* [Records shown]:
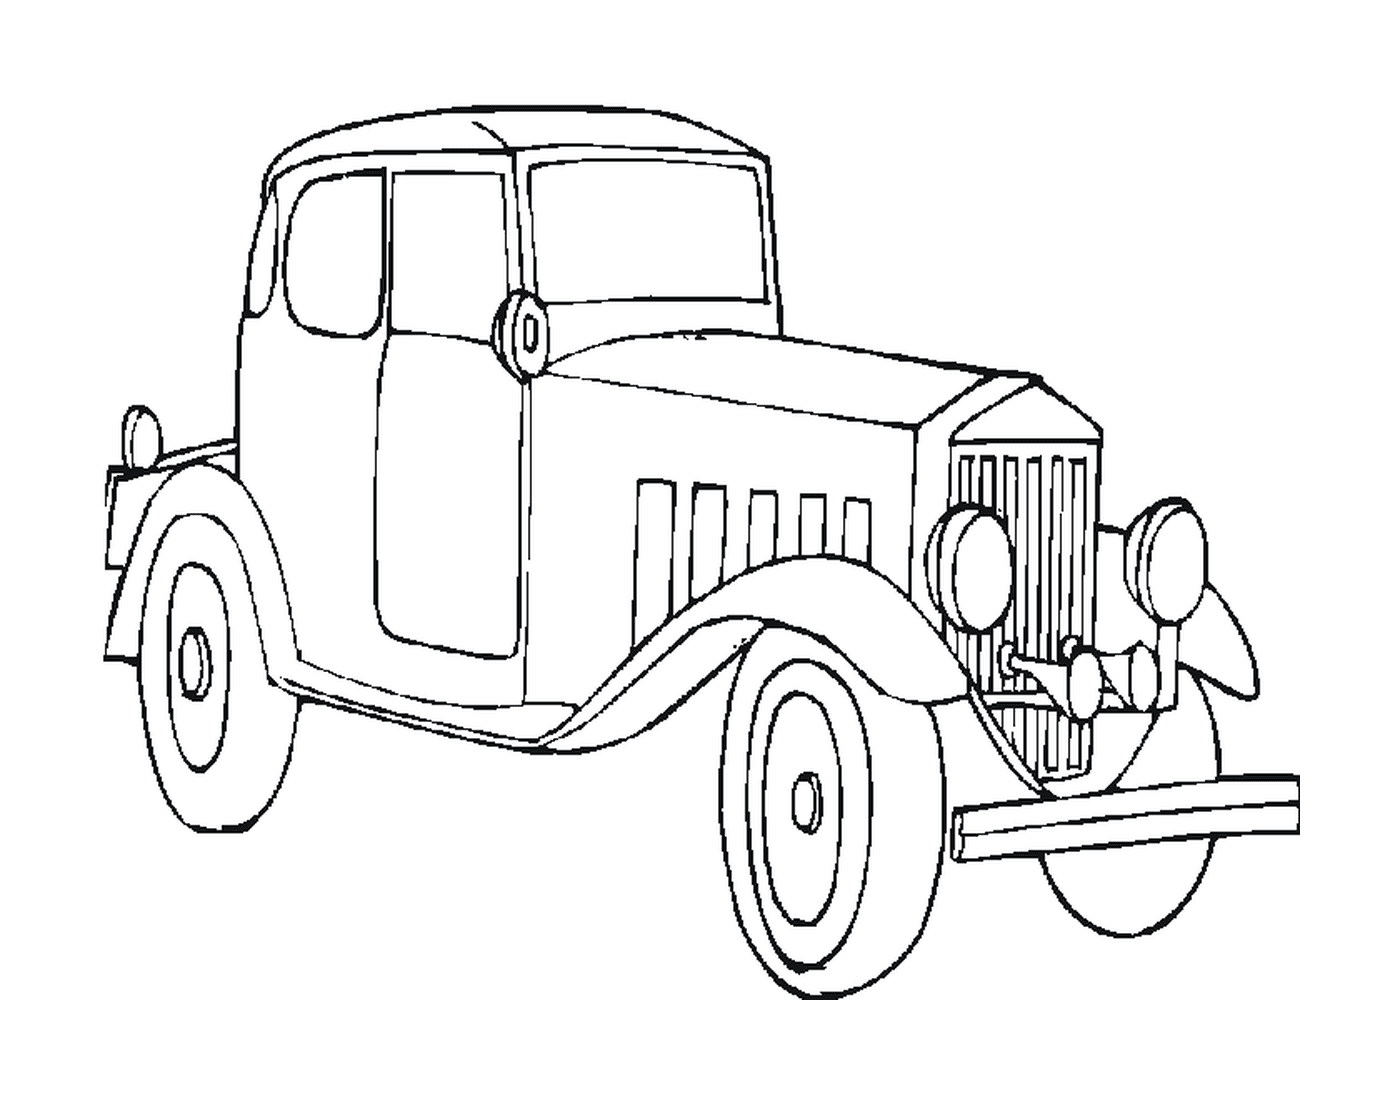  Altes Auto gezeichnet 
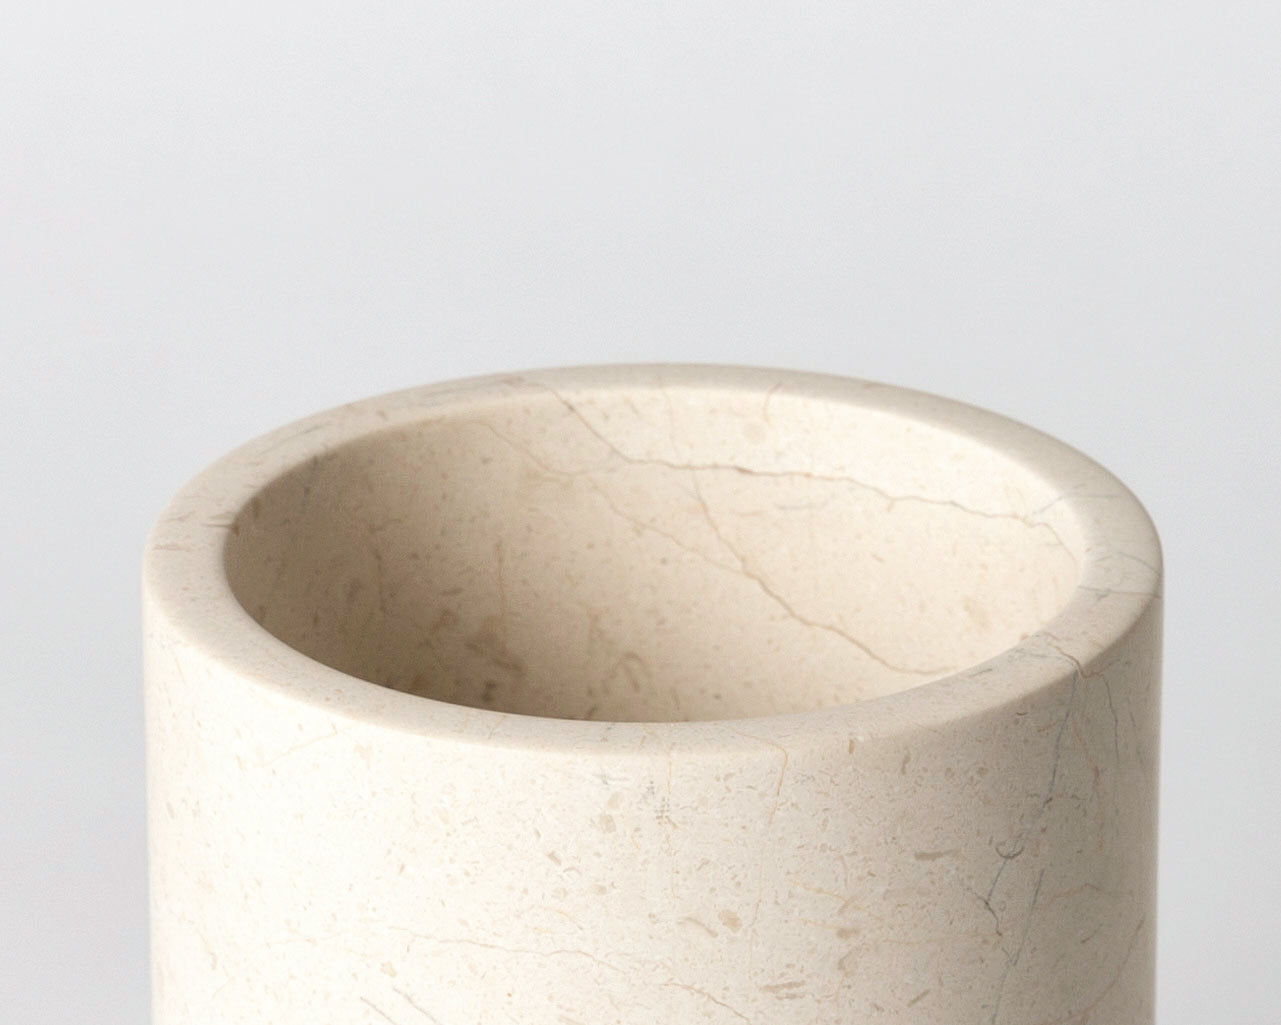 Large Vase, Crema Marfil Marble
==
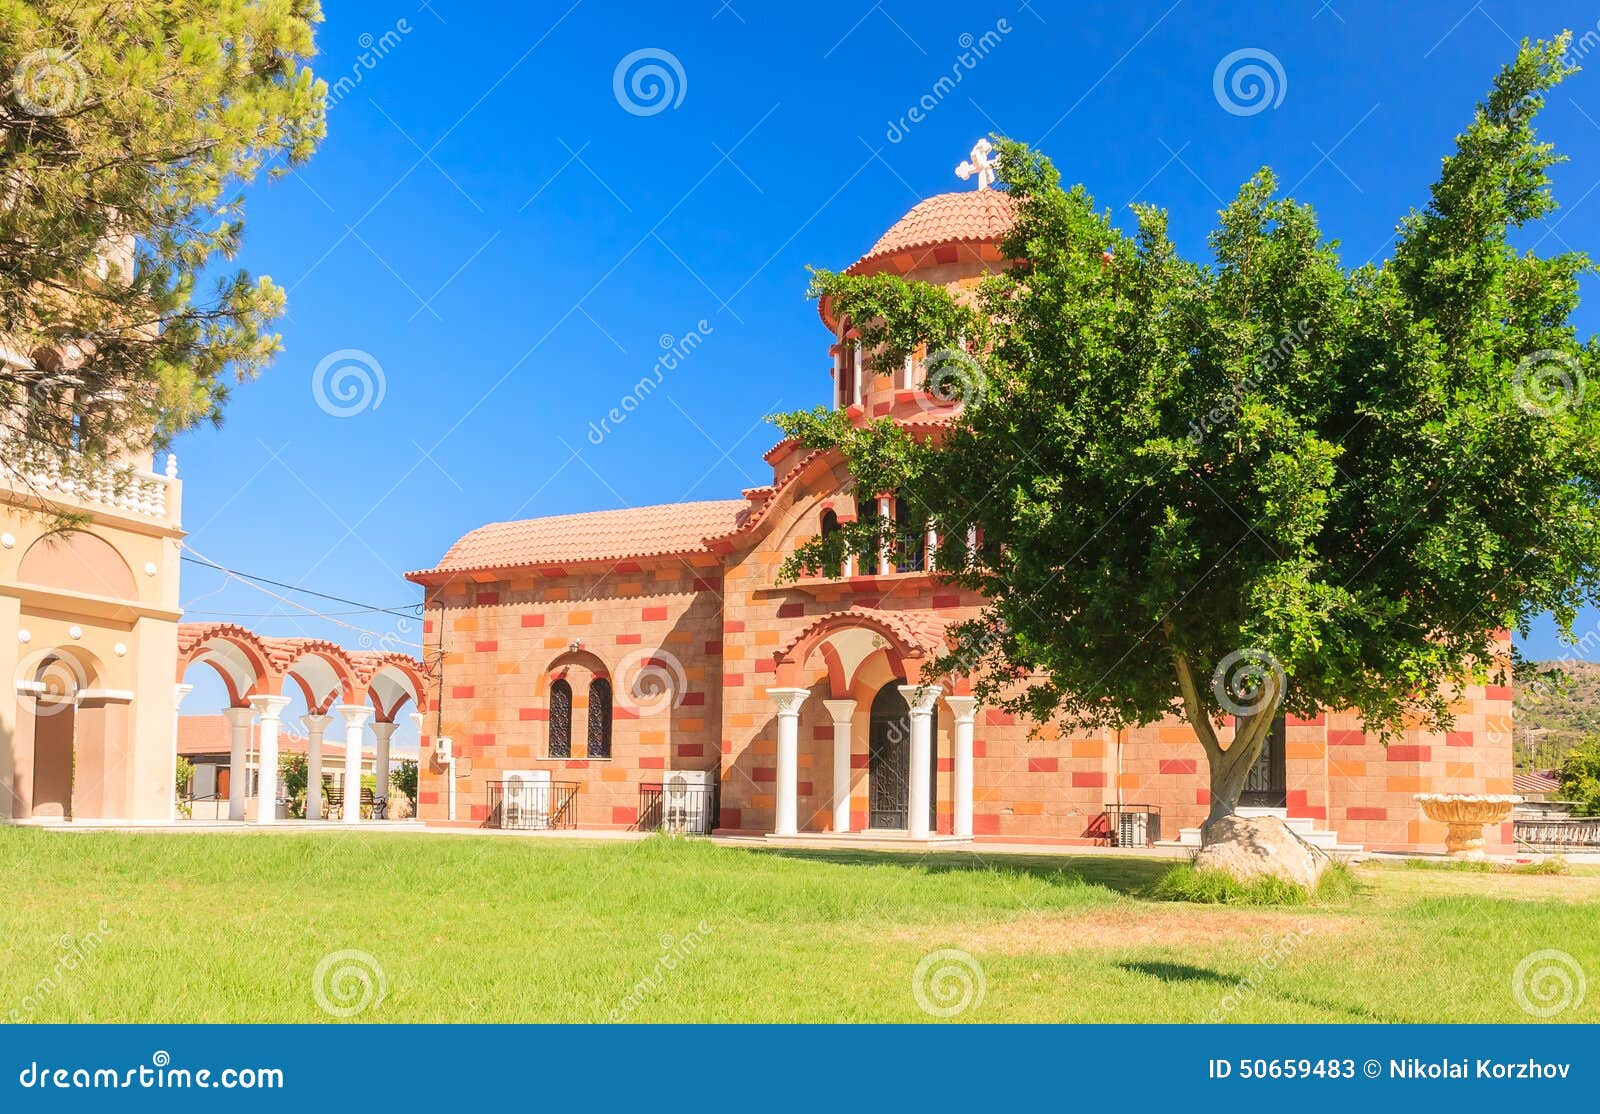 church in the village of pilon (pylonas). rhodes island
* * *
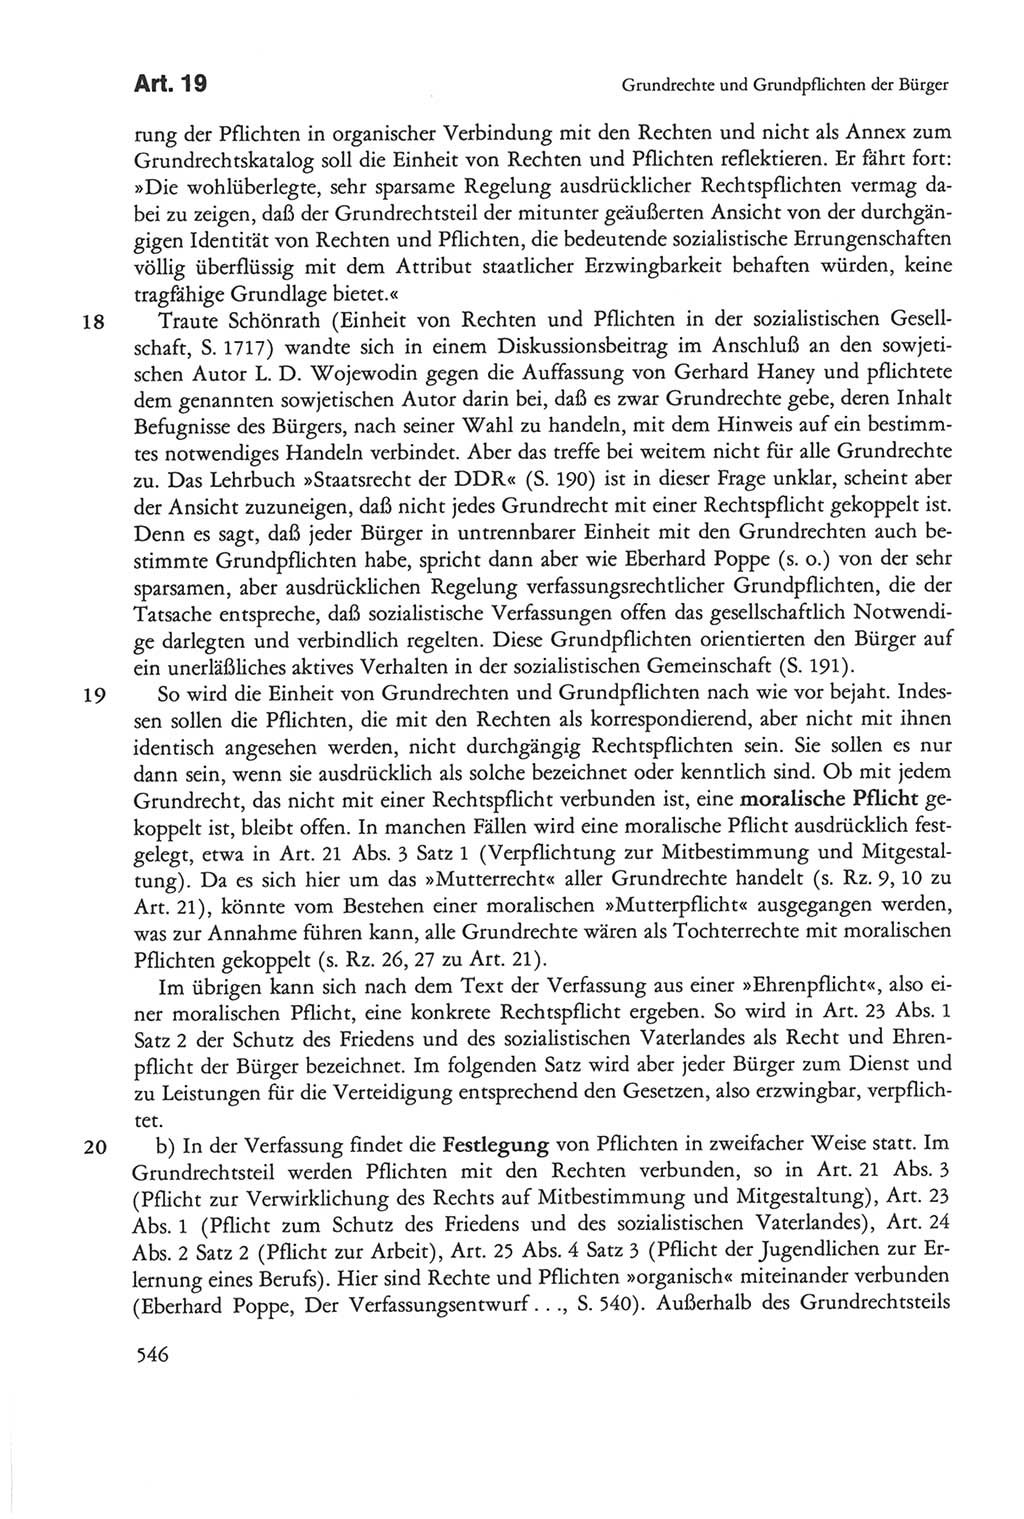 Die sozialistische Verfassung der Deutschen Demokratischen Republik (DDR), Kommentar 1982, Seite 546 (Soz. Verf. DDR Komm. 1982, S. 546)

* [Instructions to follow]: To complete this exercise, transcribe exactly the lines above from the one that holds "Altes Auto gezeichnet" through the one that holds "Large Vase, Crema Marfil Marble". Pictures stay out.

* [Exercise answer]:
  Altes Auto gezeichnet 
 Large Vase, Crema Marfil Marble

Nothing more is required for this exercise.